KESK'e bağlı SES ve Konfederasyonda eş başkanlık uygulaması var. Avrupa da da sendikalar ve konfederasyonların kimilerinde uygulama alanları var.. Ayrıca ülkemizde çeşitli Demokratik kitle örgütlerinde ve kimi kurumlarda benzer uygulamalar var.

*KESK kaç bileşende oluşuyor Türkiye’nin 81 ilinin kaç ilinde örgütlüsünüz?

Konfederasyonumuza bağlı 11 iş kolu var. Bu iş kollarımızın 81 ilde şube veya temsilcilik düzeyinde örgütlülüğümüz var KESK bir emek örgütü olması hesabıyla bir bileşeni yoktur. İş kollarımız ve kamu emekçilerinin tamamını örgütleme hedefi olan bir mücadele yürütmektedir.



 

KESK’e yönelik baskılar var mı? Ne tür baskılarla karşı karşıyasınız?

Kofederasyonumuz öteden beri yürütmüş olduğu sendikal hak ve özgürlükler mücadelesi, demokrasi mücadelesi nedeniyle her dönem çeşitli düzeyde baskılara maruz kalmışlardır. Özellikle Ohal ve KHK döneminde Konfederasyonumuzun marjinalleştirilmesi, AKP’nin anti demokratik uygulamaları, ifade ve düşünce özgürlüğü üzerindeki baskıları, sendikal faaliyetlerimizin, toplantılarımızın sürekli hukuki olmayan kararlarla engellemesi, yine konfederasyonumuza bağlı işkolu üyelerimiz üzerinde işten çıkarmalar, açığa almalar, gözaltı ve tutuklamalar artarak devam ettirilmiştir.

Sadece darbe girişimi ile ilgili olarak, sınırlı süre için “tedbirler” alması gereken düzenlemeler yerine Türkiye’nin siyasal-toplumsal yapısını değiştirmeye dönük kalıcı düzenlemeler KHK’ler eliyle yapılmıştır, yapılmaya devam etmektedir.
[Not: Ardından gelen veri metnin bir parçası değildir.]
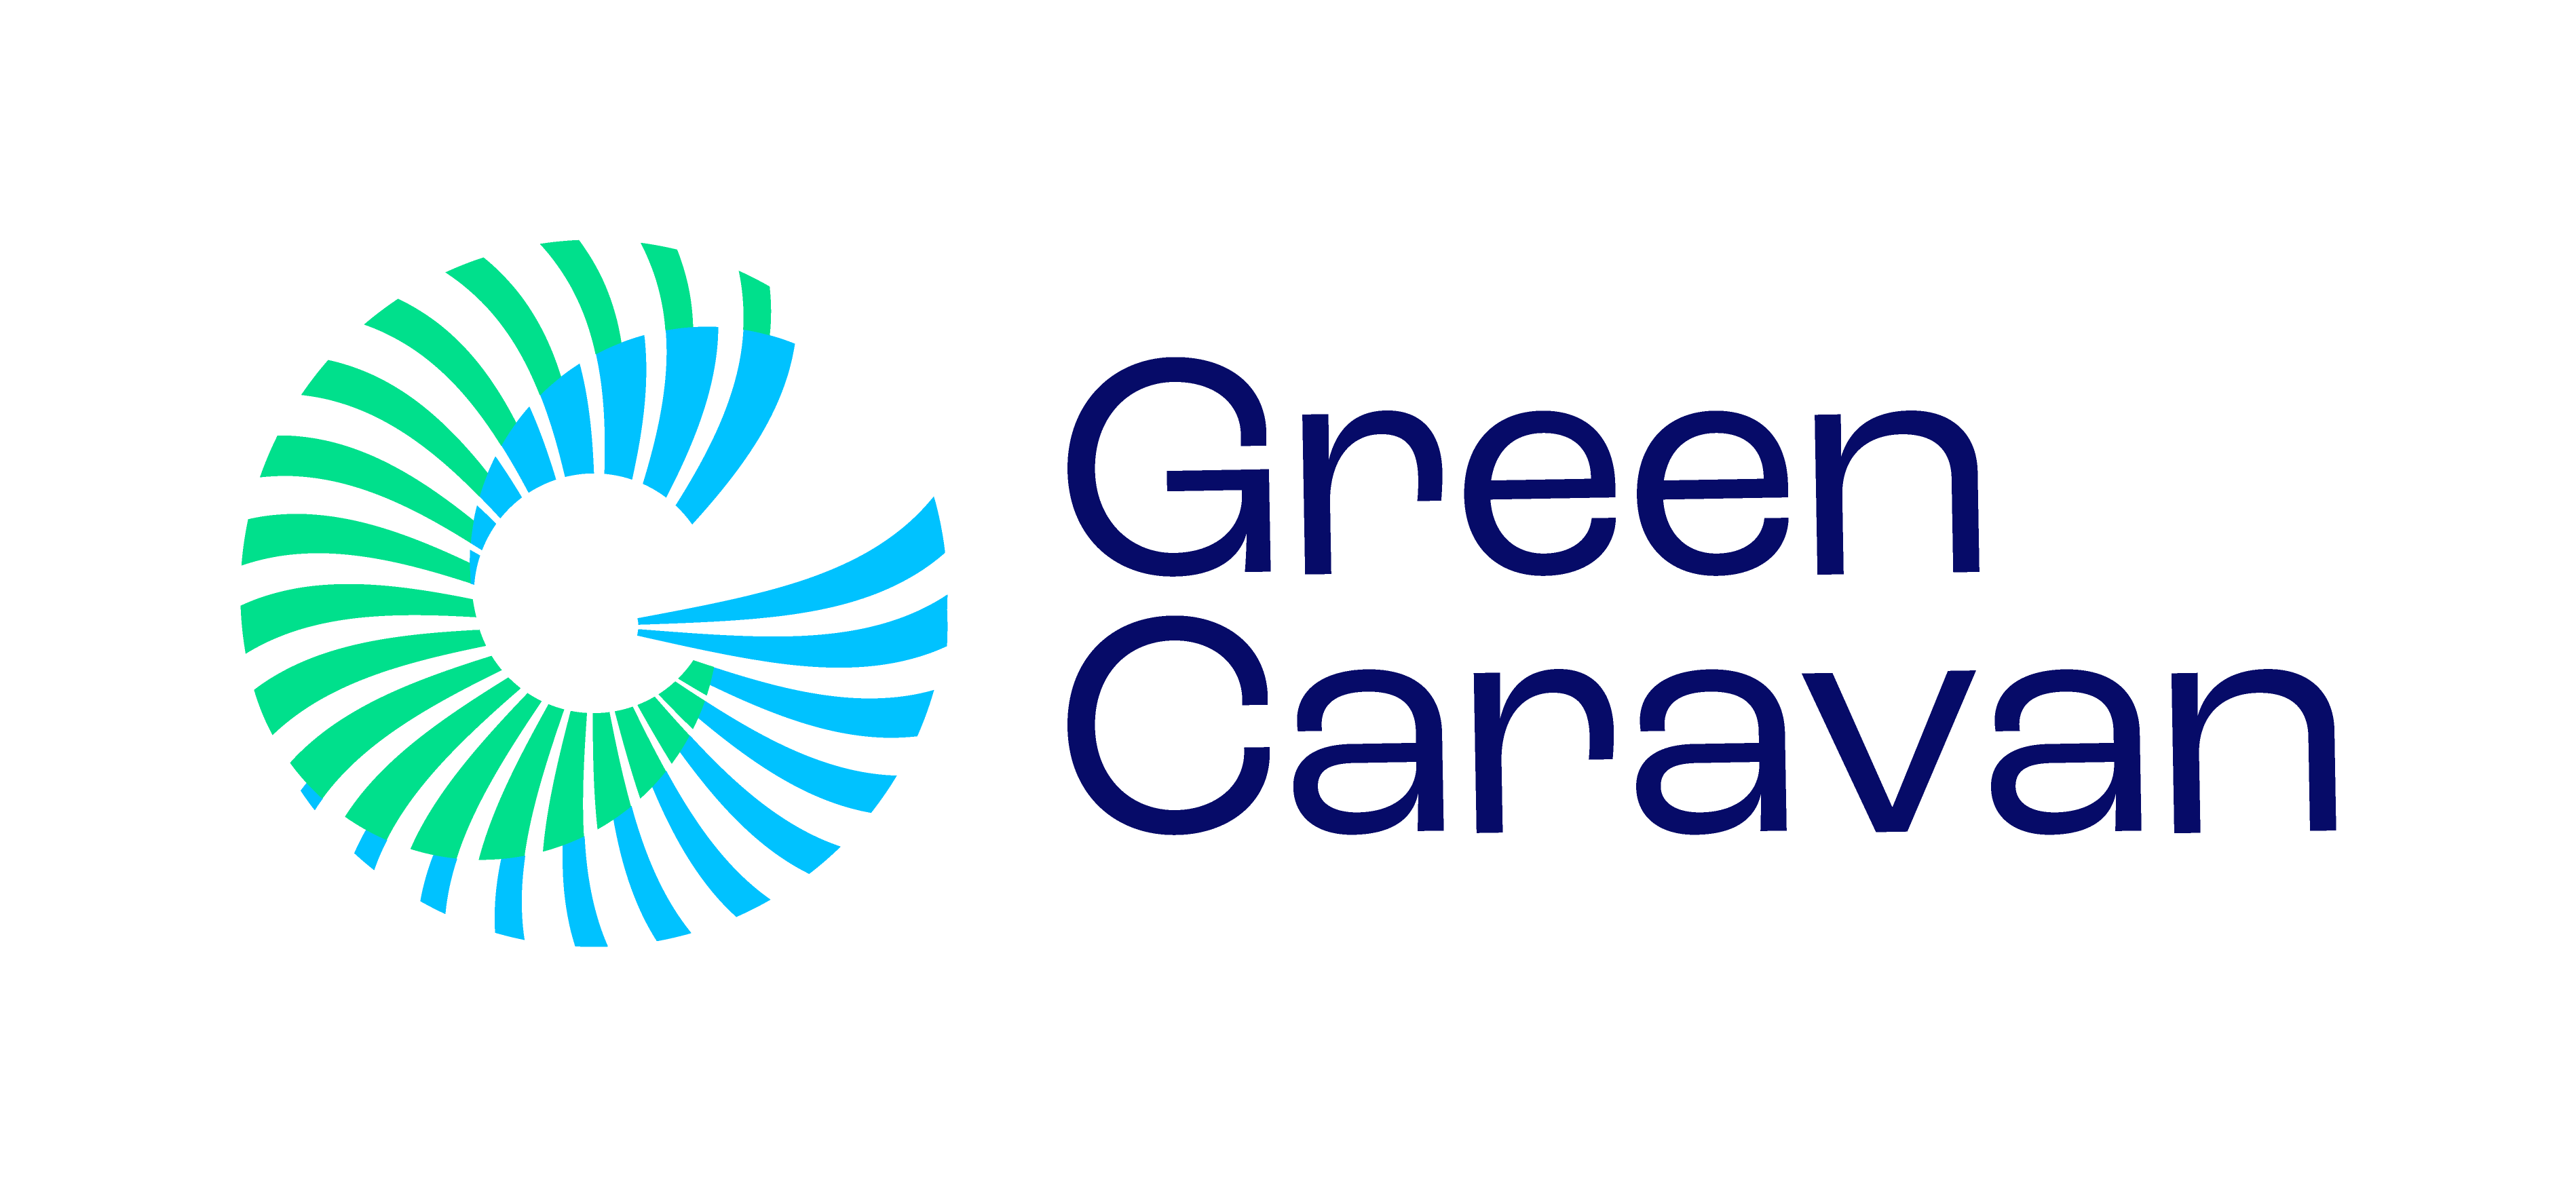 Charge card logo of Green Caravan

Tekçi, otoriter antidemokratik uygulamaların zaten hayli yaygın olduğu ülkemizde; dikta rejimlerini andıran uygulamalar, tüm muhalif kesimlerin yaşam alanlarını yok etmeyi hedeflemiştir. Baskılara kararnameler üzerinden ‘meşruiyet’ kazandırılmaya çalışılmaktadır.
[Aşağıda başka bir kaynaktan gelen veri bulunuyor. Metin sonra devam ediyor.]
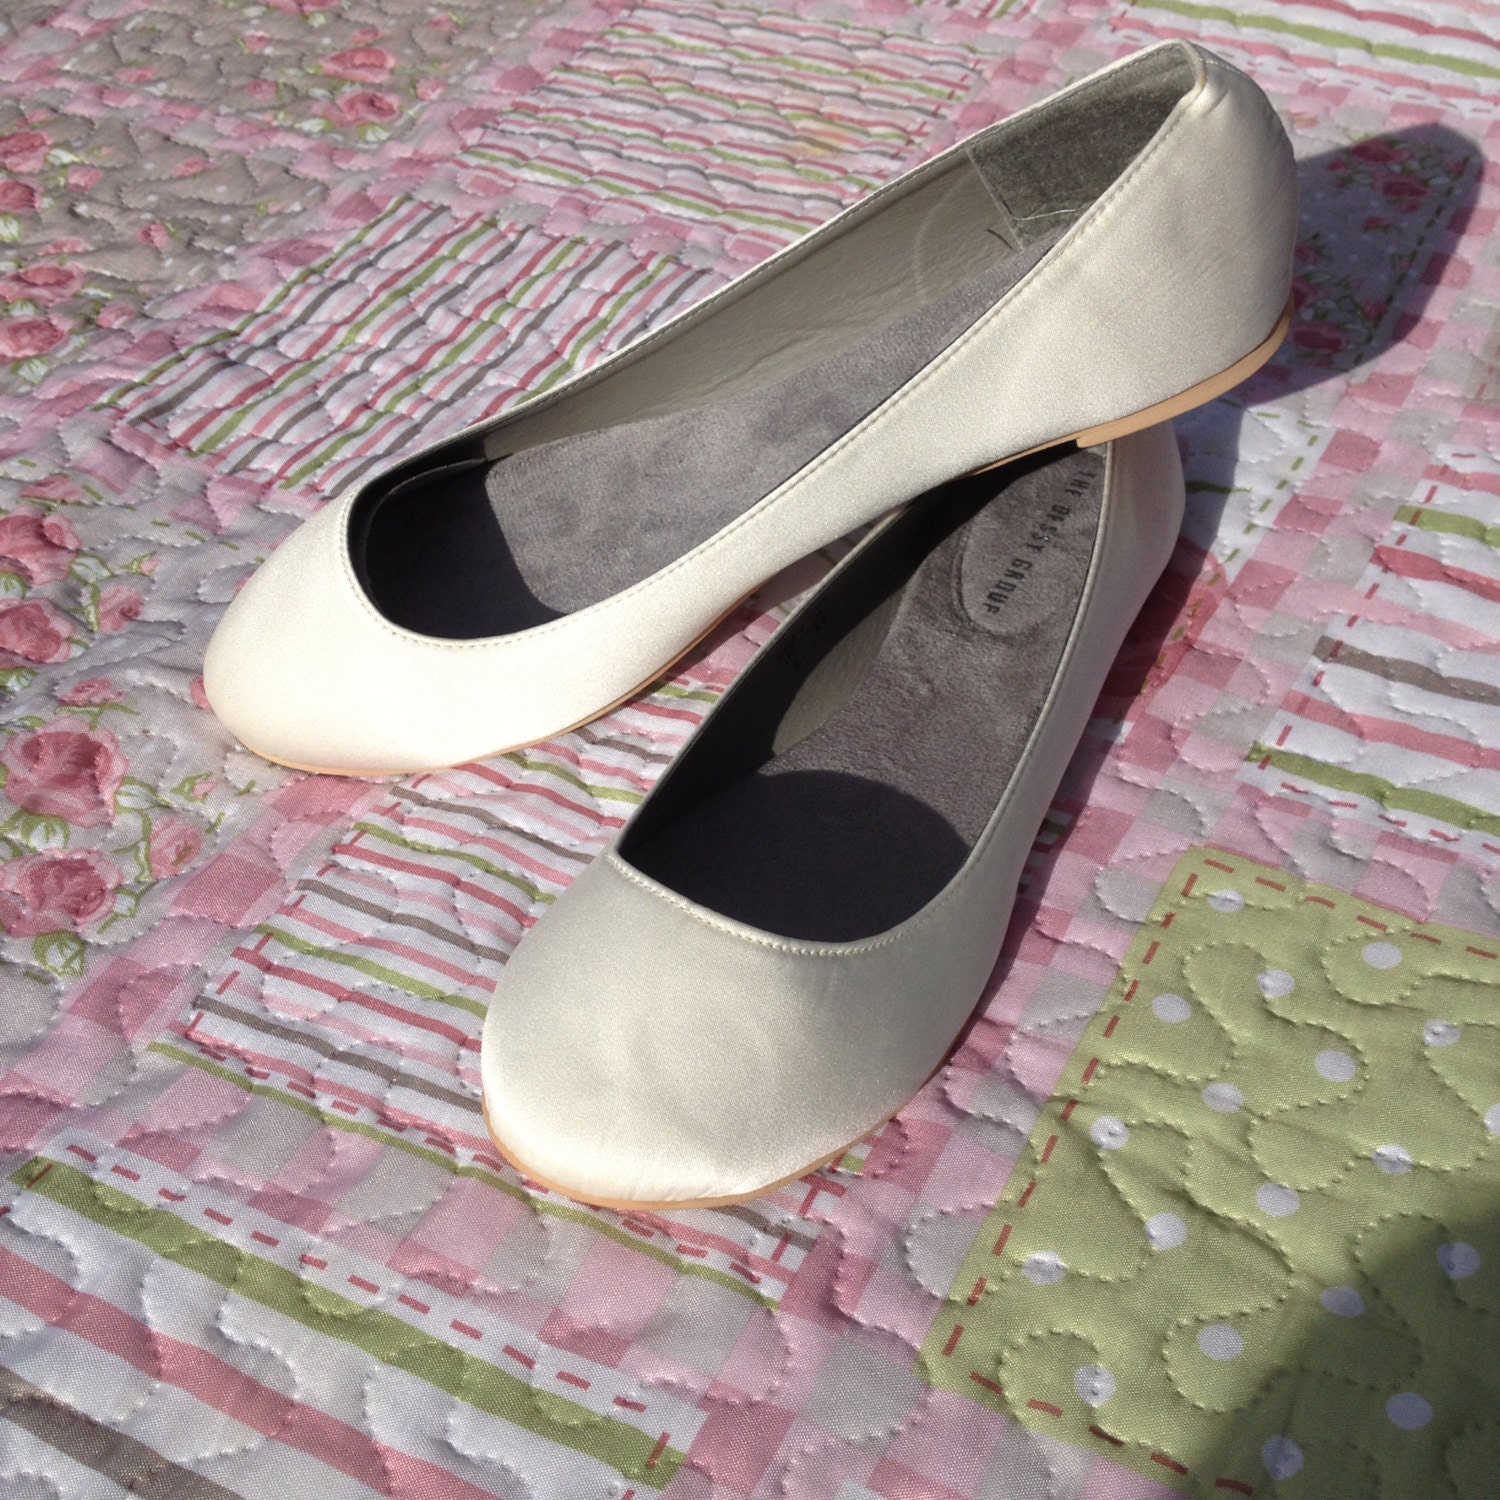 Cream Satin Wedding Ballet Flats Shoes size UK 6.5 available

-KHK’yla ihraç ve açığa alınan sayıları beli mi?

Şu ana kadar 31 adet Kanun Hükmünde Kararname yayınlanmış olup 12 Eylül 1980 darbesinde gördüğümüz uygulamalar 12 Eylül’ü de aşan şekilde bir kez daha hayata geçirilmiştir. Bu süreçte herhangi bir denetim mekanizması olmadığı gibi, tüm güç Saray’da toplanmıştır. 26 KHK, iç tüzükte belirtilen süre aşılmış olmasına rağmen meclisin onayına sunulmamıştır.

Siyasi iktidar keyfiyete dayalı ve siyasal ajandası doğrultusunda çıkardığı KHK’lerle aileleri ile birlikte milyonlarca insanımızın hayatını karartma, açlıkla terbiye etme, böylelikle etkisizleştirme amacını darbe girişimi bahanesi arkasına sığınarak hayata geçirmiştir. Nitekim ihraç edilen kamu emekçilerinin sayısının darbe girişimine katılan asker ve polislerin birkaç katı oranında olması bunun somut kanıtıdır.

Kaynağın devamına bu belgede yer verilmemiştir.